* [Aim of the exercise]: Although the material holds pictures, none belong in the copy; transcribe exactly, and only, the lines from the one with "Ultra-processed foods increase" through the end.

* [Data extract]:
-- Opening Marker --

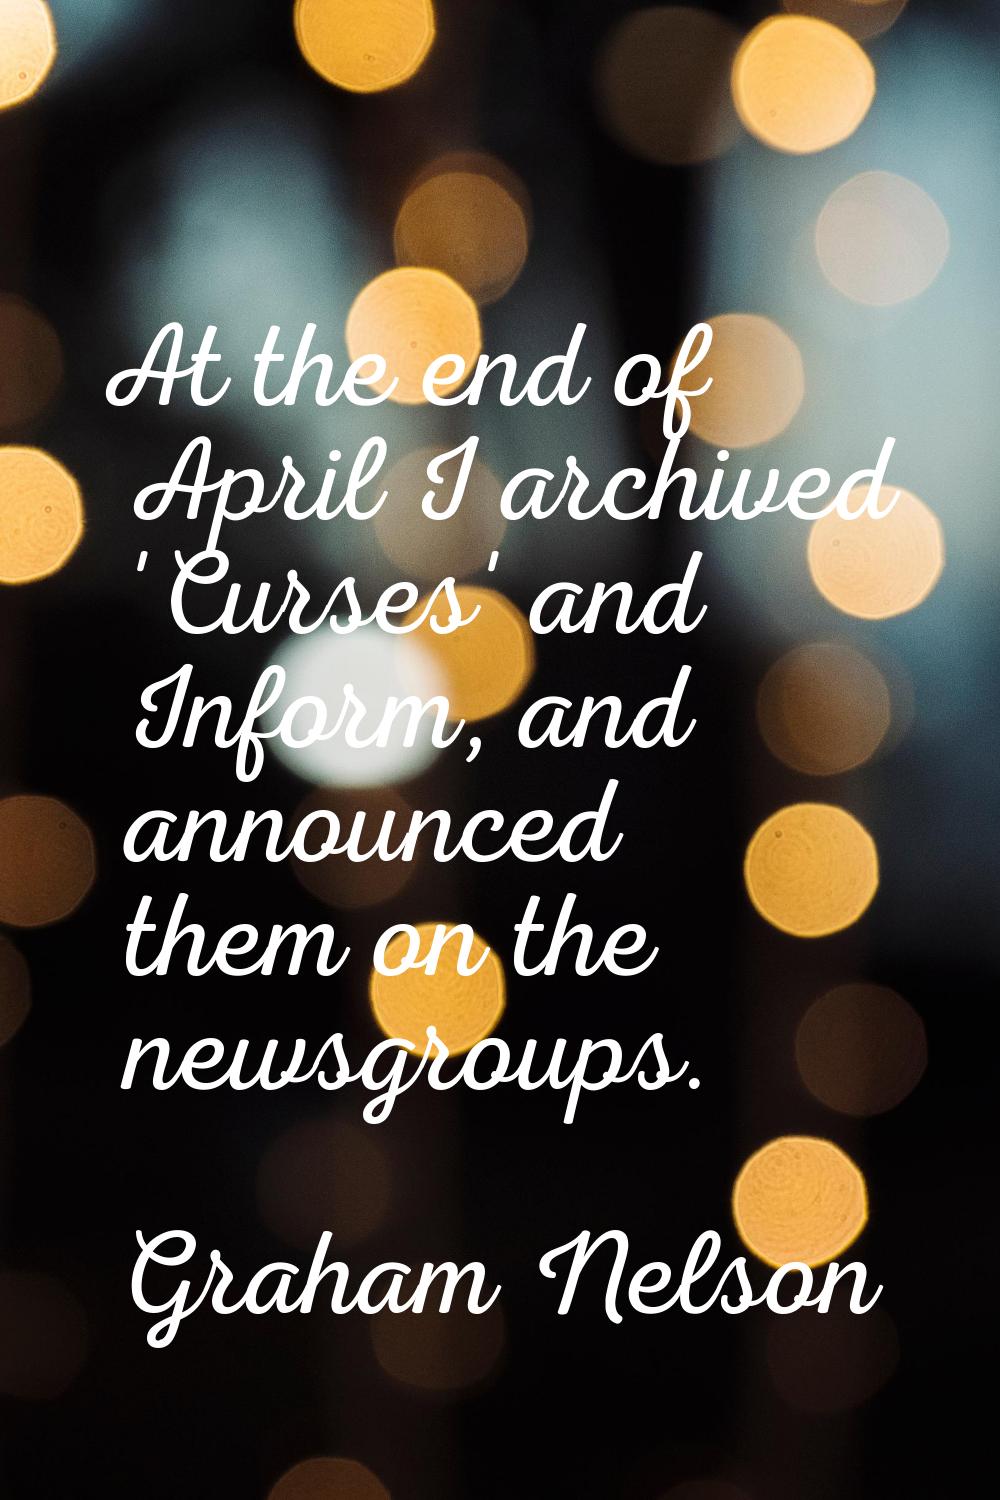 At the end of April I archived 'Curses' and Inform, and announced them on the newsgroups.
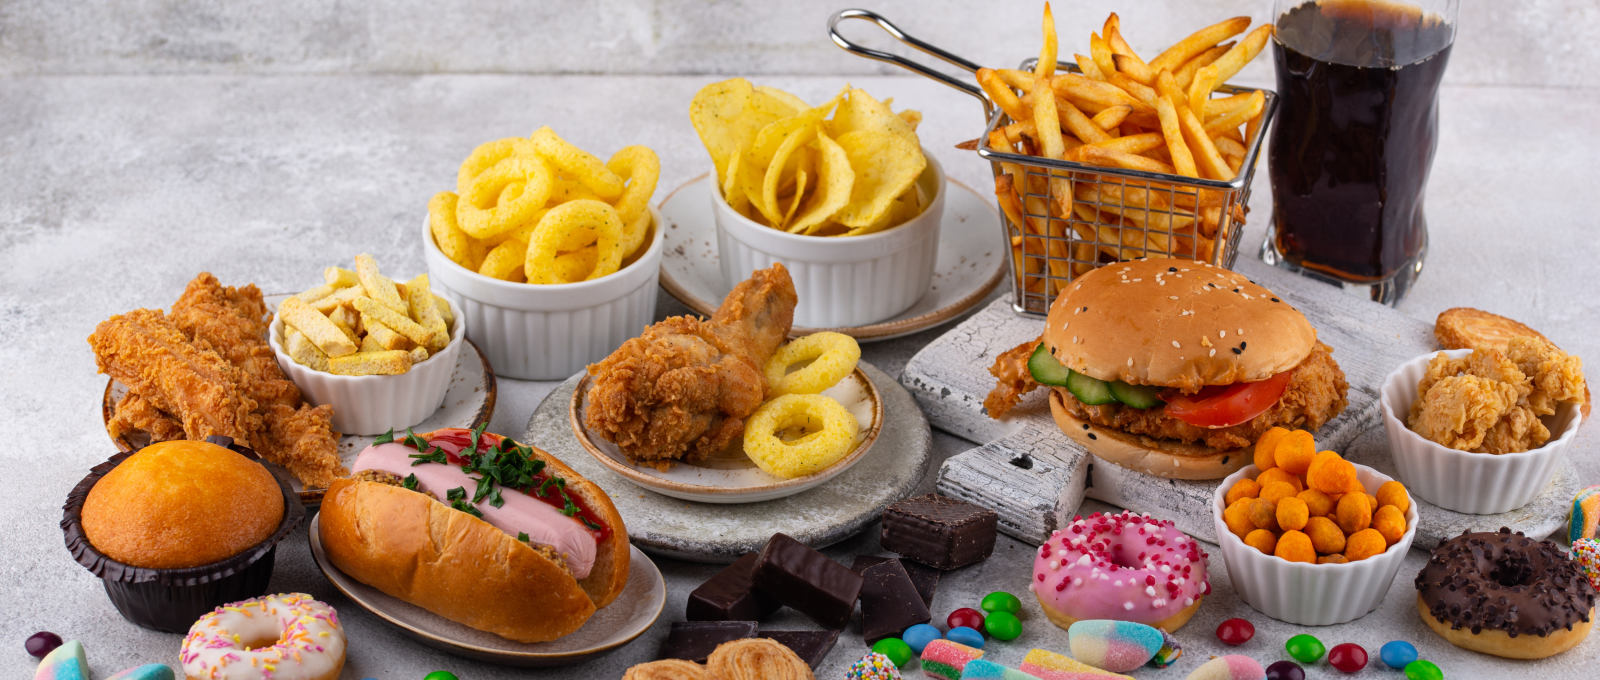 Ultra-processed foods increase cardiometabolic risk in children
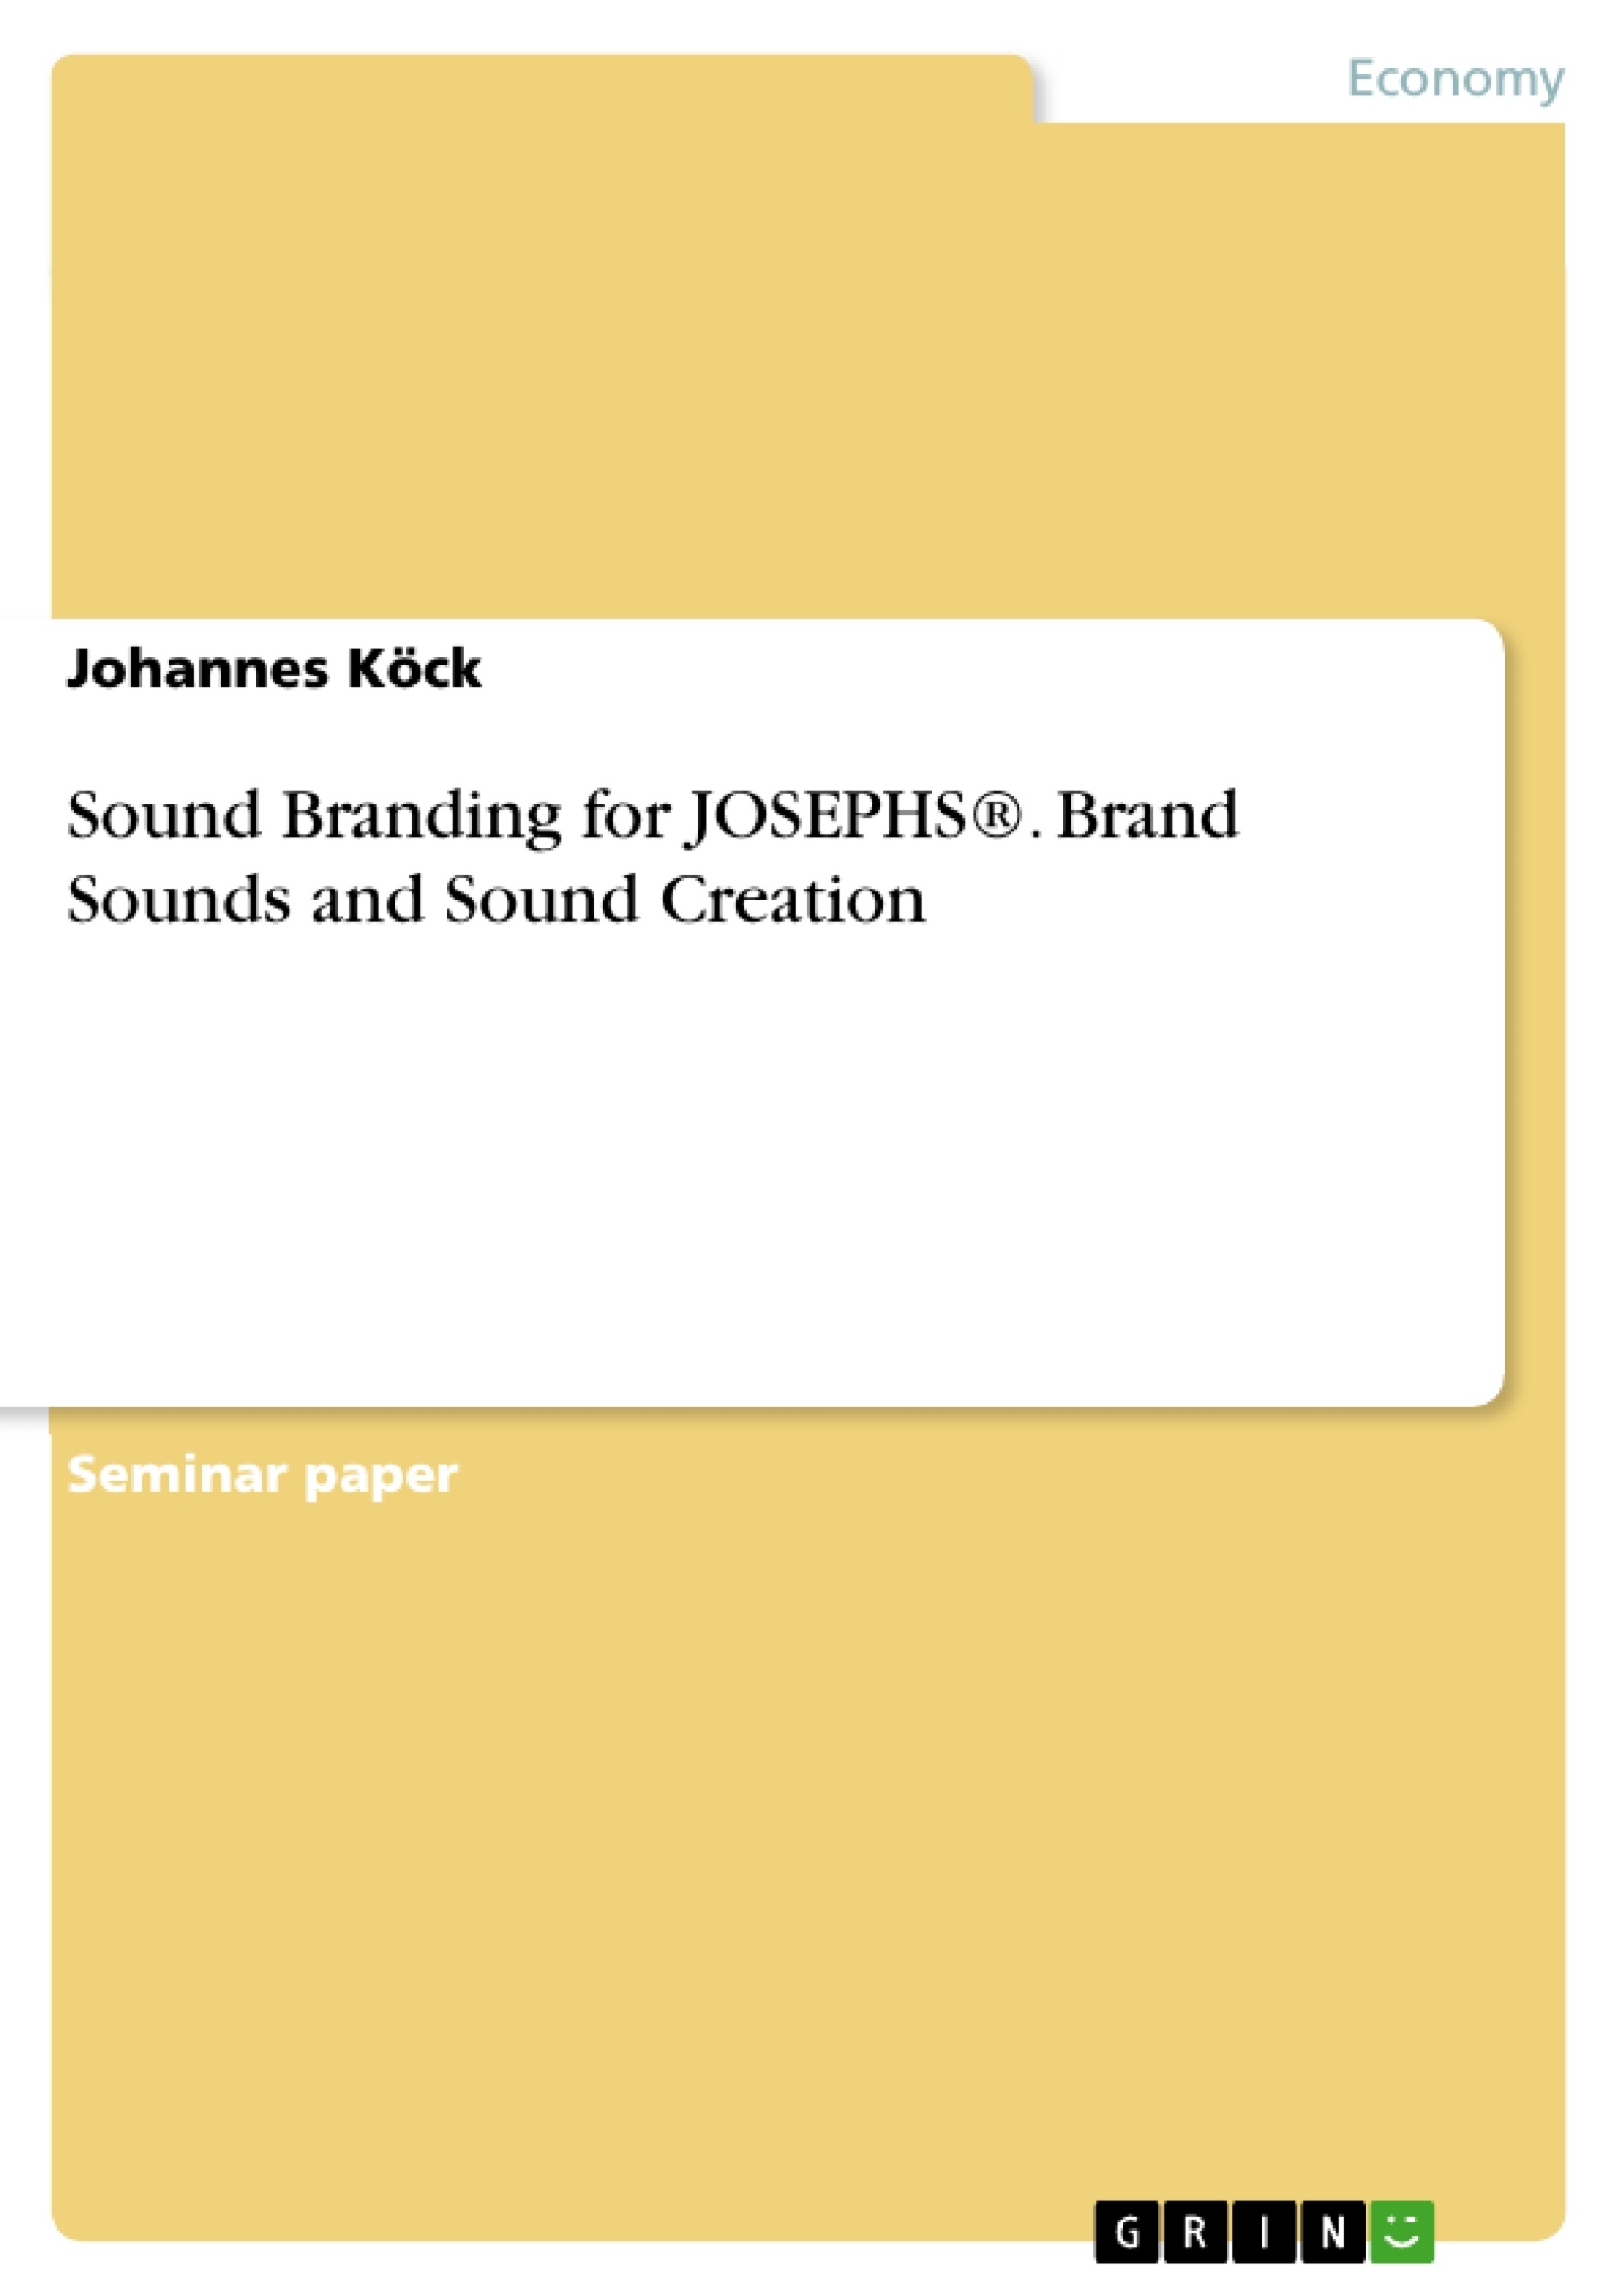 Título: Sound Branding for JOSEPHS®. Brand Sounds and Sound Creation

-- Closing Marker --

* [Expected answer]:
 Ultra-processed foods increase cardiometabolic risk in children
 Título: Sound Branding for JOSEPHS®. Brand Sounds and Sound Creation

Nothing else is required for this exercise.